Background information
- Born: Chicago, Illinois, United States
- Died: September 5, 1956 (aged 70) Hollywood, California, United States
- Genres: Jazz, big band
- Occupations: Songwriter, violinist

= Danny Russo =

Dan Russo (Chicago, 13 October 1885 — Hollywood, 5 September 1956) was an American violinist, songwriter, and big band leader during the 1920s and 1930s.

Russo assembled his first orchestra in Chicago at the beginning of the 1920s, which had an engagement at the Oriole Terrace in Detroit.
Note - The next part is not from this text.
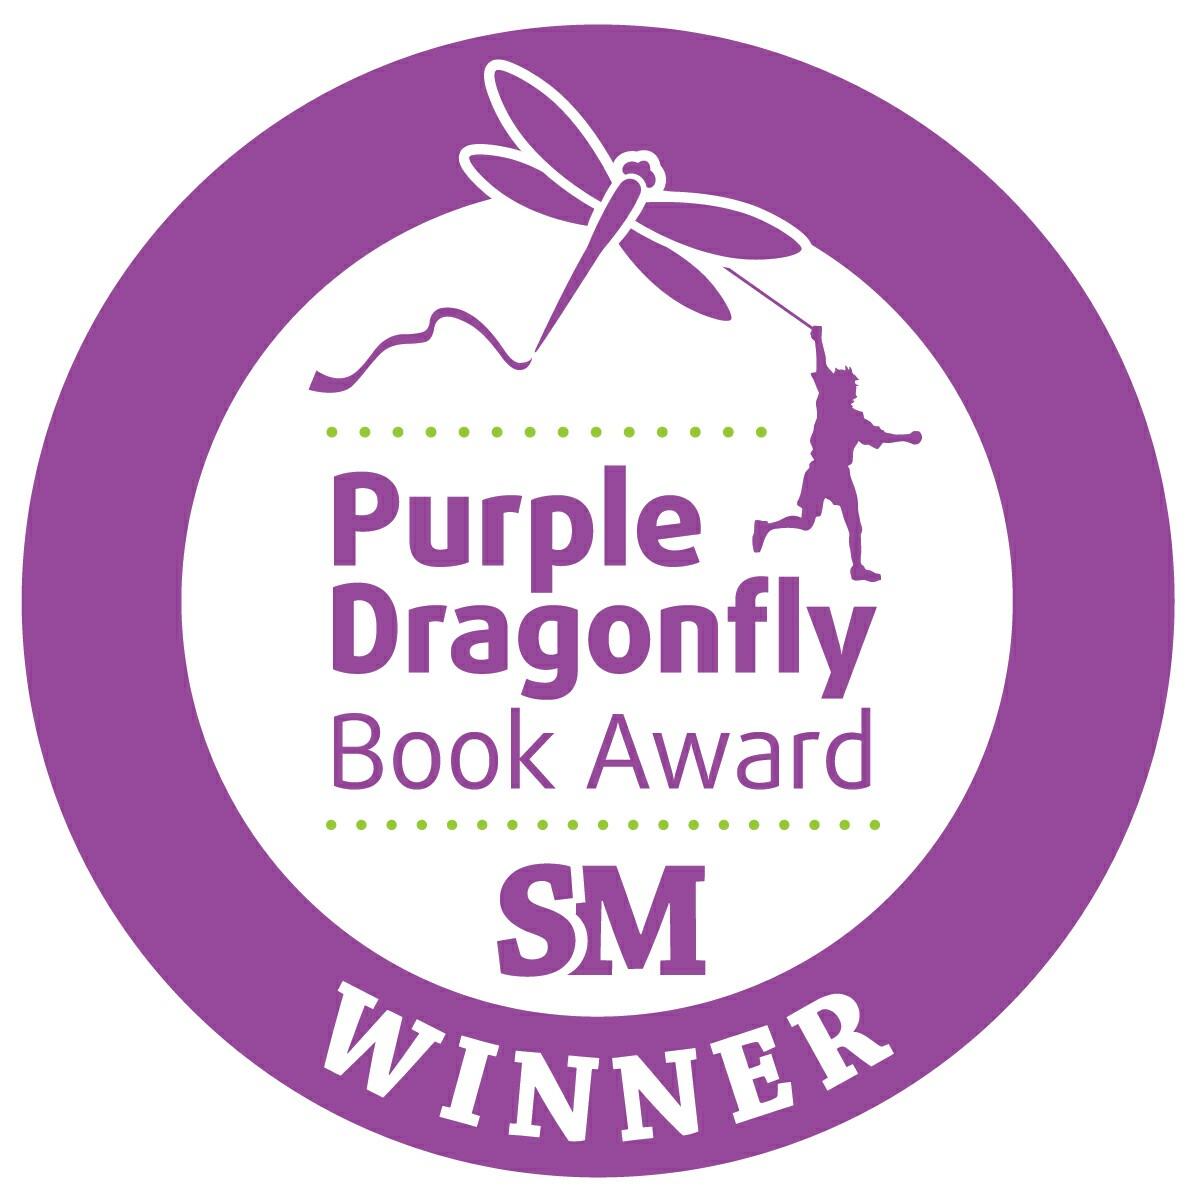 Purple Dragonfly Book Award medallion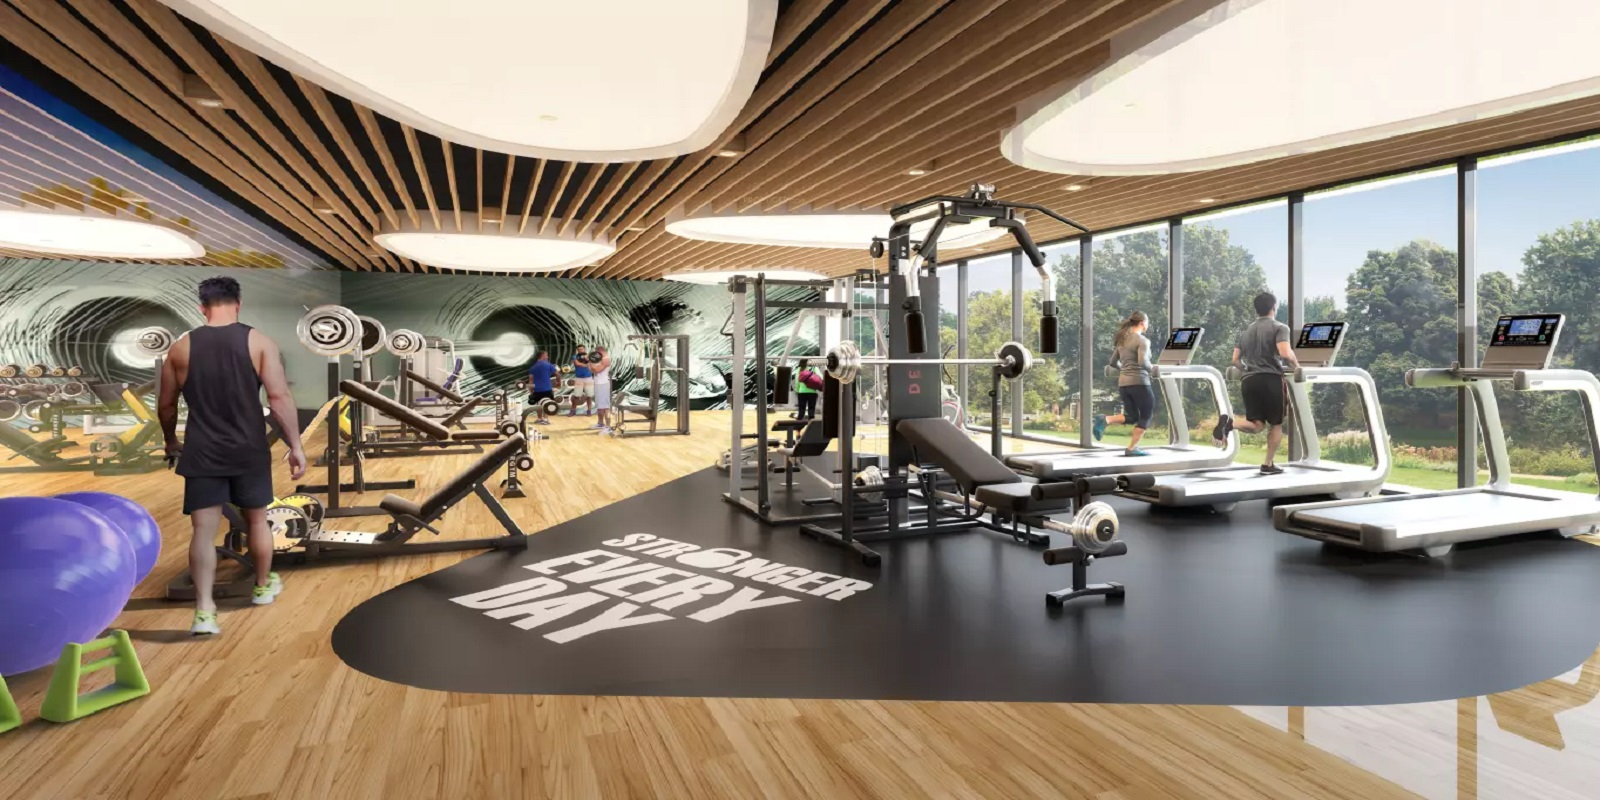 lodha anjur upper thane amenities features10

This group was conducted together with the pianist Ted Fiorito, and became known under the name of the Oriole Orchestra, also performing at the Chicago Edgewater Beach Hotel. These performances were also broadcast on the radio in 1924. In 1926 they opened an engagement at the Aragon Ballroom. The orchestra consisted of three saxophonists, two trumpets, a trombone, a piano, a tuba, a banjo, drums, and Russo on the violin. Russo's orchestra was a well-known territory band in Chicago and the Midwest; Some recordings were made for the labels Columbia and Brunswick under the band names The Oriole Terrace Orchestra and Russo & Fiorito's Oriole Orchestra. In 1927, Fiorito and Russo parted, and each continued his own band; Russo took over the old band name for recordings until 1932.

Dan Russo also worked on the song "Toot, Toot, Tootsie (Goo' Bye!)", which he wrote with Gus Kahn and Ernie Erdman. It was played by Al Jolson & the Vitaphone Orchestra and was used on the soundtrack of Woody Allen's Bullets over Broadway (1994).